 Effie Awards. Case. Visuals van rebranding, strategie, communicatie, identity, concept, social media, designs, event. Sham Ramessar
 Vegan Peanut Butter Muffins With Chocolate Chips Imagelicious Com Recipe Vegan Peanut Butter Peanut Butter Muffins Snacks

---------------

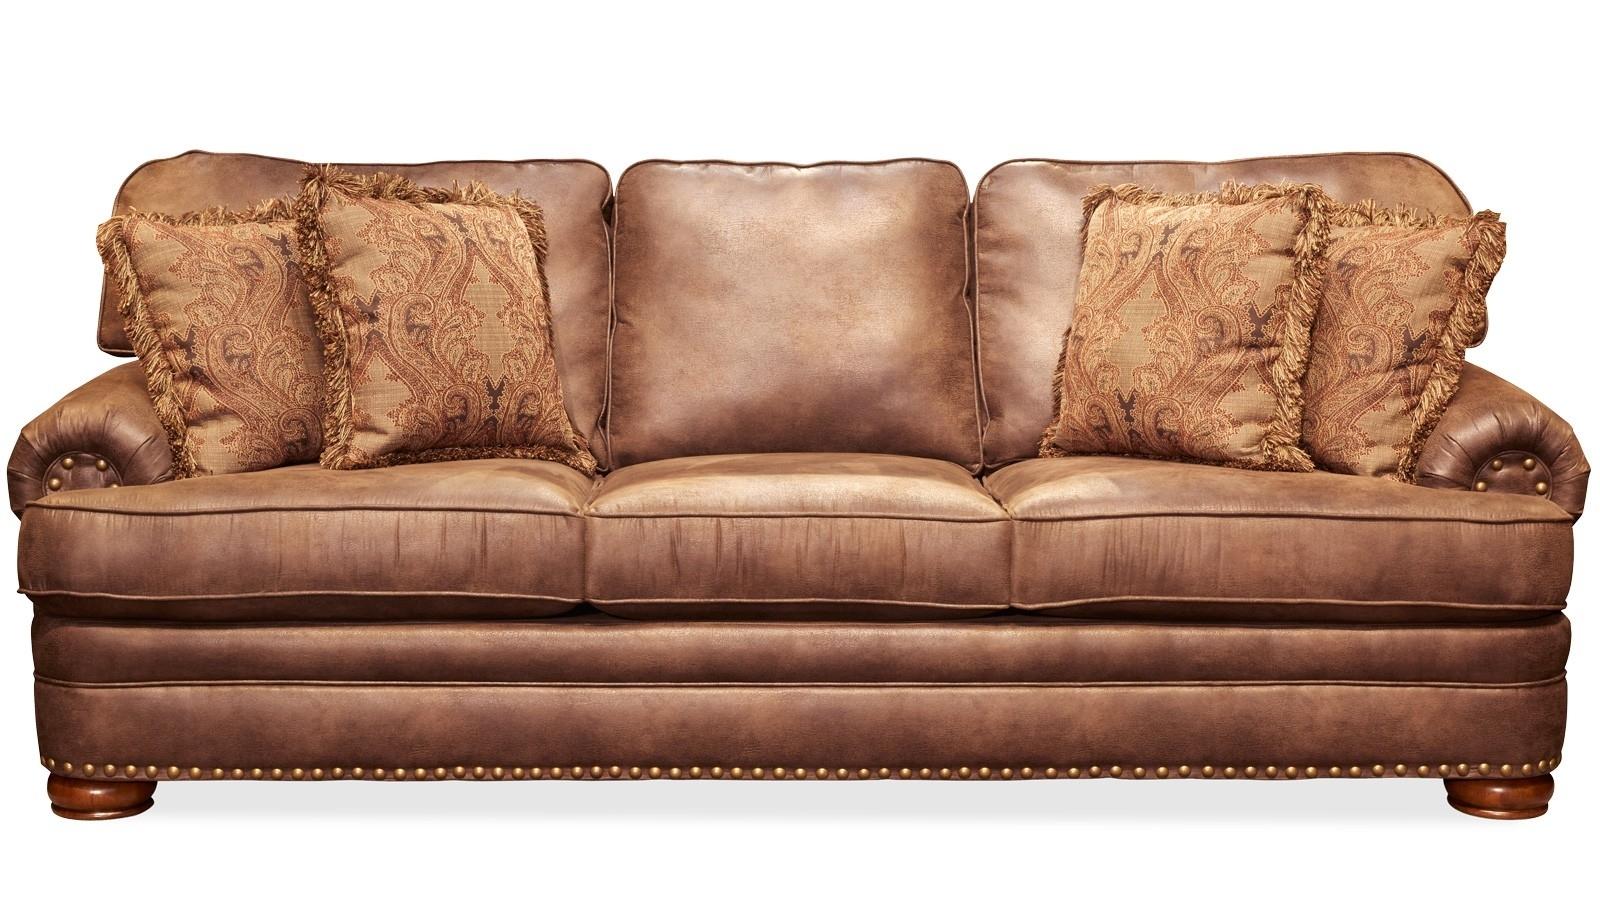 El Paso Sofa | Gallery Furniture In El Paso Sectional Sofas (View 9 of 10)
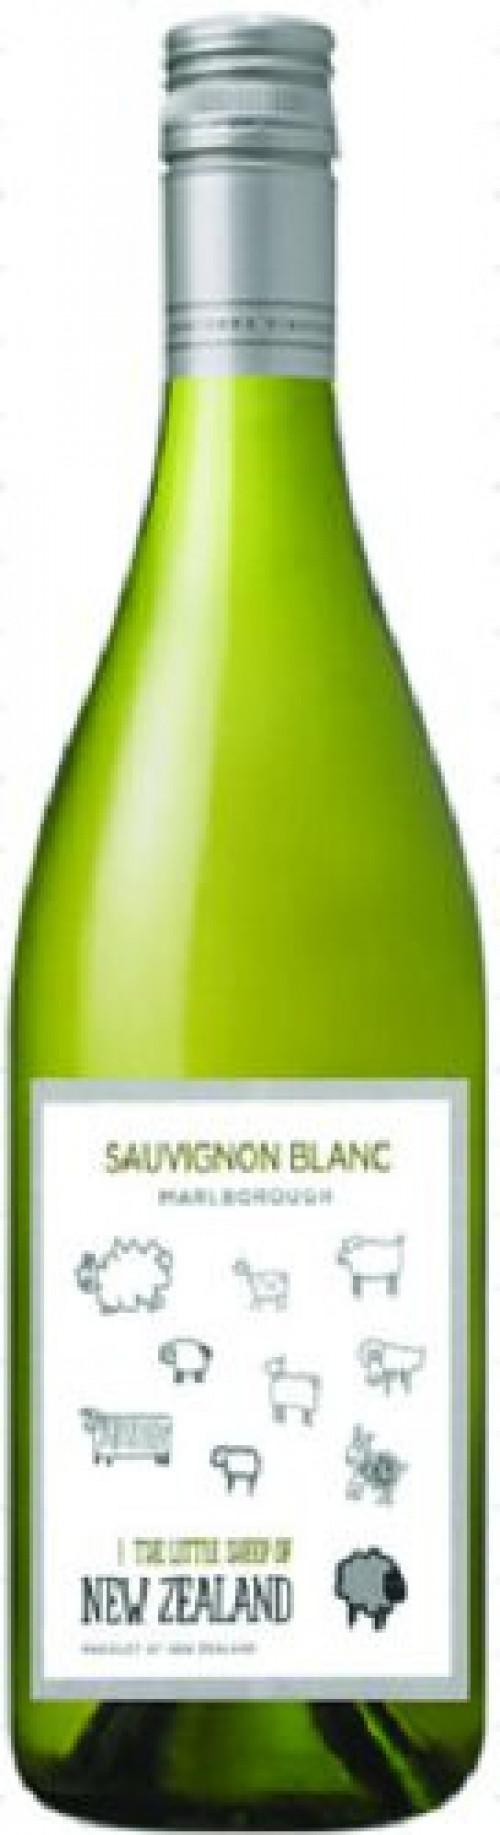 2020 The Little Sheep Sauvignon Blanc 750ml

---------------

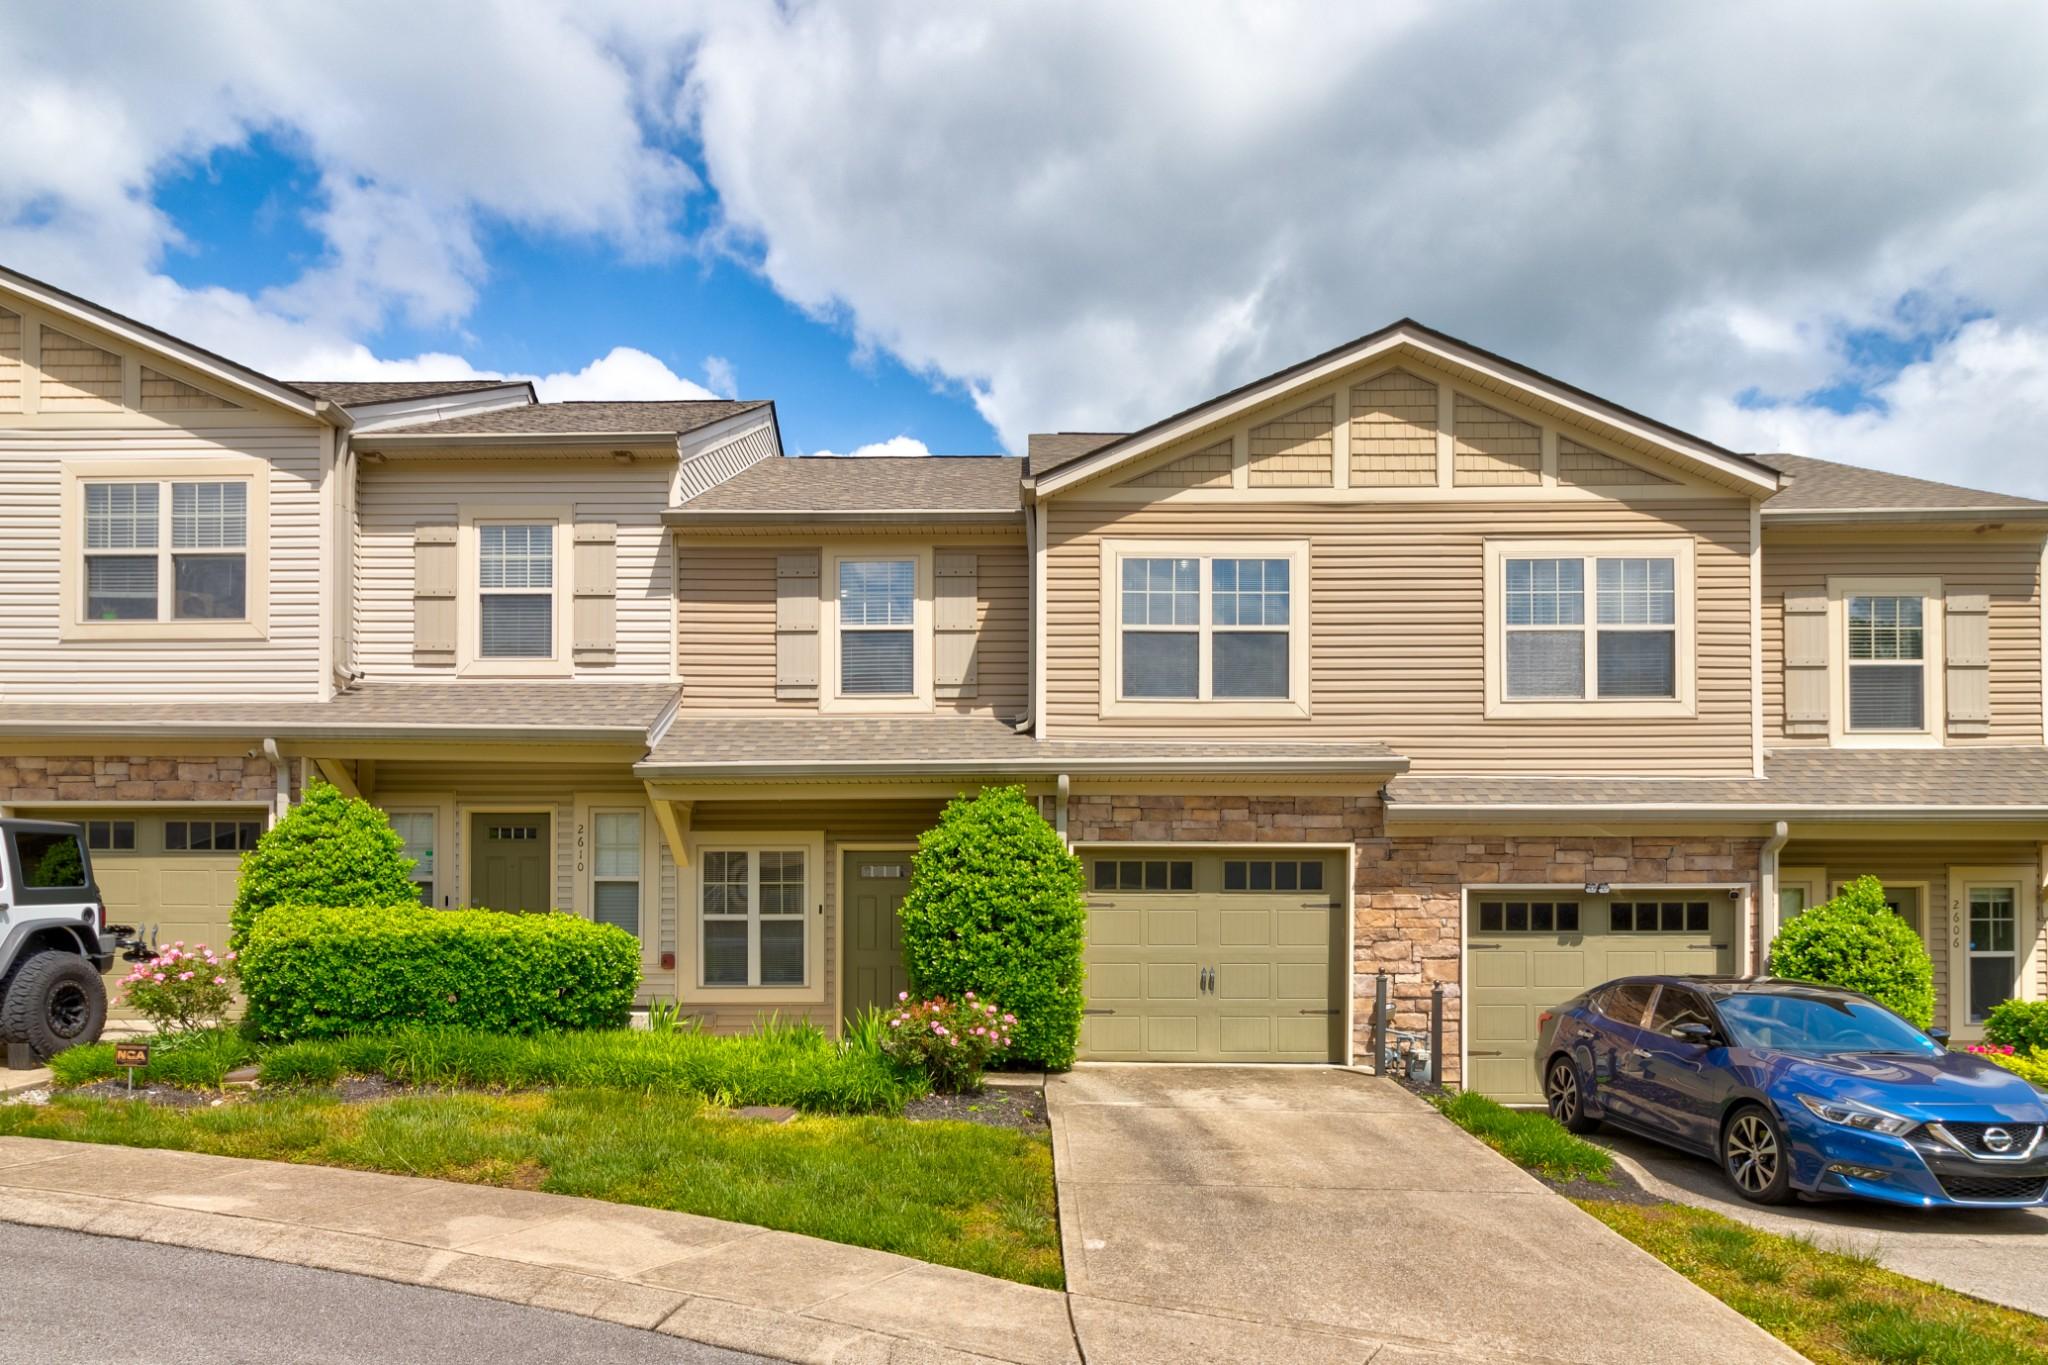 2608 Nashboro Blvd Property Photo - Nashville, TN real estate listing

---------------

What to do: Restate word for word only the lines above from the line containing "Effie Awards. Case." to the line containing "Vegan Peanut Butter Muffins", both of them included.

Solution to this exercise:
 Effie Awards. Case. Visuals van rebranding, strategie, communicatie, identity, concept, social media, designs, event. Sham Ramessar
 Vegan Peanut Butter Muffins With Chocolate Chips Imagelicious Com Recipe Vegan Peanut Butter Peanut Butter Muffins Snacks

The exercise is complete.